Irei dispor de um rápido resumo dos três aspectos citados, de forma a compreender
com clareza sua importância tanto no filme, quanto na matéria de Negociação e
Arbitragem.
• Presunção de inocência: abordada de maneira contundente o princípio
fundamental da presunção de inocência é um pilar central do sistema jurídico. O filme
questiona a rapidez com que as pessoas estão dispostas a condenar alguém com base em
evidências superficiais ou preconceitos pessoais. Os jurados são confrontados com a
tarefa de considerar o réu inocente até que sua culpa seja comprovada além de qualquer
dúvida razoável. Através de discussões acaloradas, os jurados são desafiados a examinar
criticamente as provas apresentadas, a questionar as testemunhas e a avaliar a consistência
das histórias contadas. O filme nos lembra que a presunção de inocência é essencial para
evitar julgamentos precipitados e injustiças, destacando a necessidade de um processo
legal justo.
• Poder de persuasão: Ao longo do filme, cada jurado traz sua perspectiva pessoal
e suas convicções para a sala de deliberação. O poder de persuasão é uma das principais
ferramentas utilizadas para tentar influenciar o veredicto. Os jurados empregam
argumentos lógicos, emocionais e retóricos para convencer uns aos outros sobre suas
visões. Alguns se mostram mais persuasivos do que outros, manipulando as emoções,
oferecendo interpretações alternativas das evidências e expondo inconsistências nos
depoimentos das testemunhas.

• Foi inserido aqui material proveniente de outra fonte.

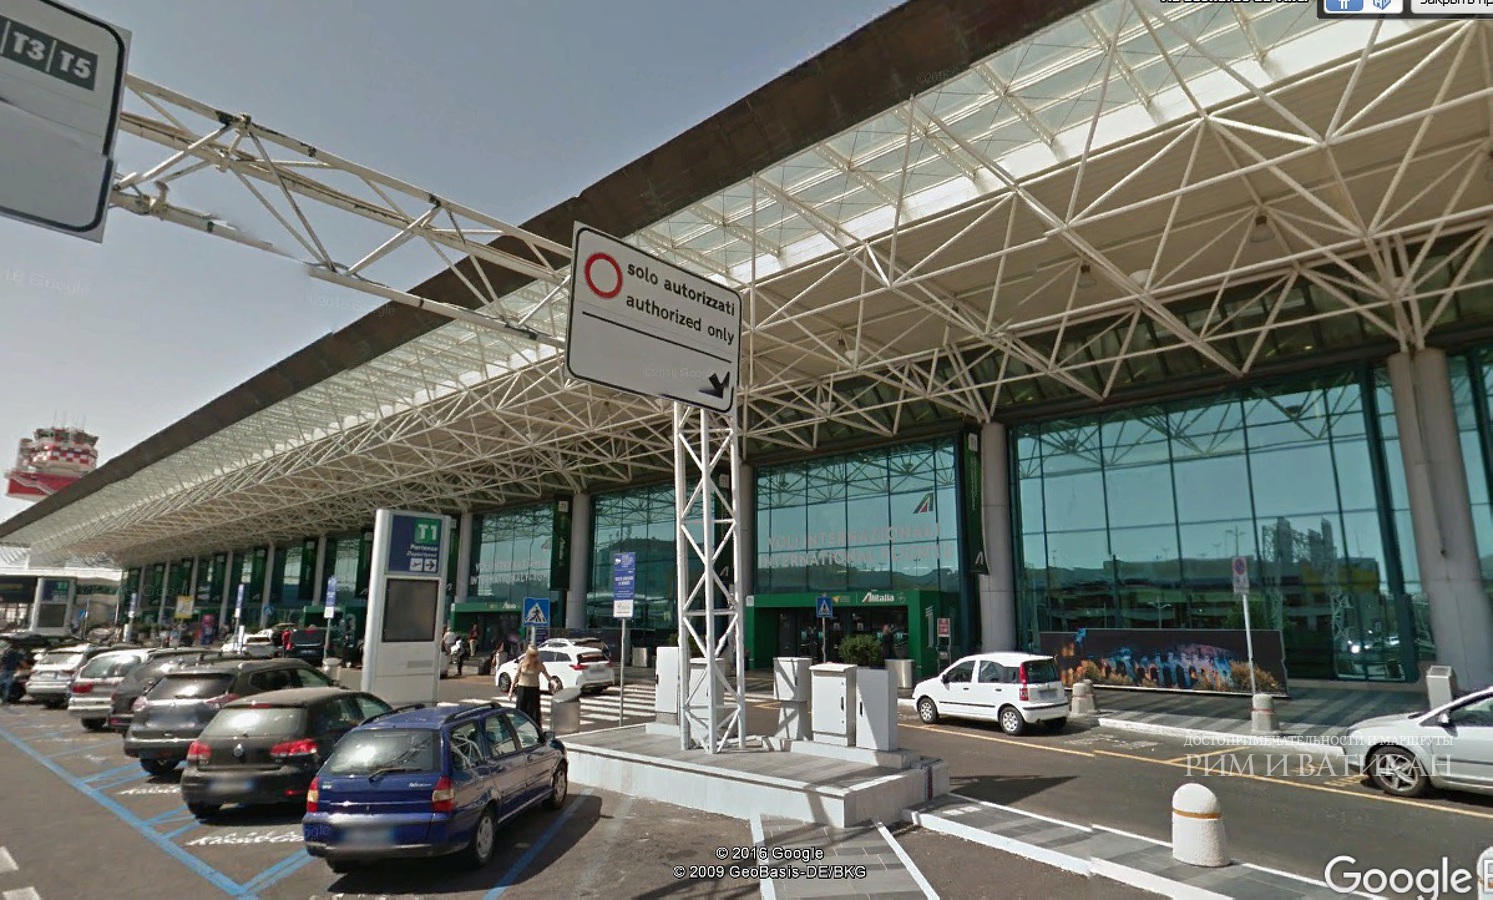 Аэропорт Фьюмичино в Риме, описание, терминалы, транспорт

O filme nos mostra como o poder de persuasão pode
influenciar drasticamente a opinião de um grupo e como é importante reconhecer e resistir
a essas técnicas para garantir um julgamento imparcial e justo.
• A importância do debate e do diálogo aberto: "12 Homens e uma Sentença"
enfatiza a importância do debate e do diálogo aberto como elementos essenciais de um
processo decisório justo. À medida que os jurados discutem o caso, suas diferentes
perspectivas são confrontadas e desafiadas. Cada um tem a oportunidade de expressar sua
opinião, apresentar suas interpretações das evidências e responder às objeções dos outros
jurados. O filme ressalta a necessidade de ouvir ativamente, de considerar diferentes
pontos de vista e de questionar as suposições subjacentes. Através do debate e do diálogo
aberto, os jurados são capazes de desafiar seus próprios preconceitos e se aproximar da
verdade. Essa ênfase no debate ressalta a importância da deliberação coletiva e do
pensamento crítico para tomar decisões informadas e justas.
Esses aspectos são essenciais para o enredo do filme e para a mensagem que ele busca
transmitir sobre justiça, responsabilidade e a complexidade da natureza humana. De certa
forma, o filme, além de entretenimento, serve como um aprendizado, tanto na vida,
quanto na matéria acadêmica.
Por meio dele, aprende-se a importância de avaliarmos os aspectos ao nosso redor
durante uma negociação, como fatores externos. Também desprende-se o quão negativo
é prender-se a preconceitos e deixar com que isso influencie em sua vida. De certa forma,
por conta de um preconceito a vida do rapaz seria tirada. Isso nos traz a reflexão dos
nossos atos no dia a dia. Será se não estamos deixando o preconceito nos afetar?
Ressalta-se a importância de um diálogo racional, sendo desejável não deixar o
lado emocional tomar controle durante uma discussão, e a necessidade de avaliação
objetiva e sistemática da nossa realidade. Apesar das circunstâncias apontarem um
caminho, é sempre necessário uma profunda reflexão dos fatos.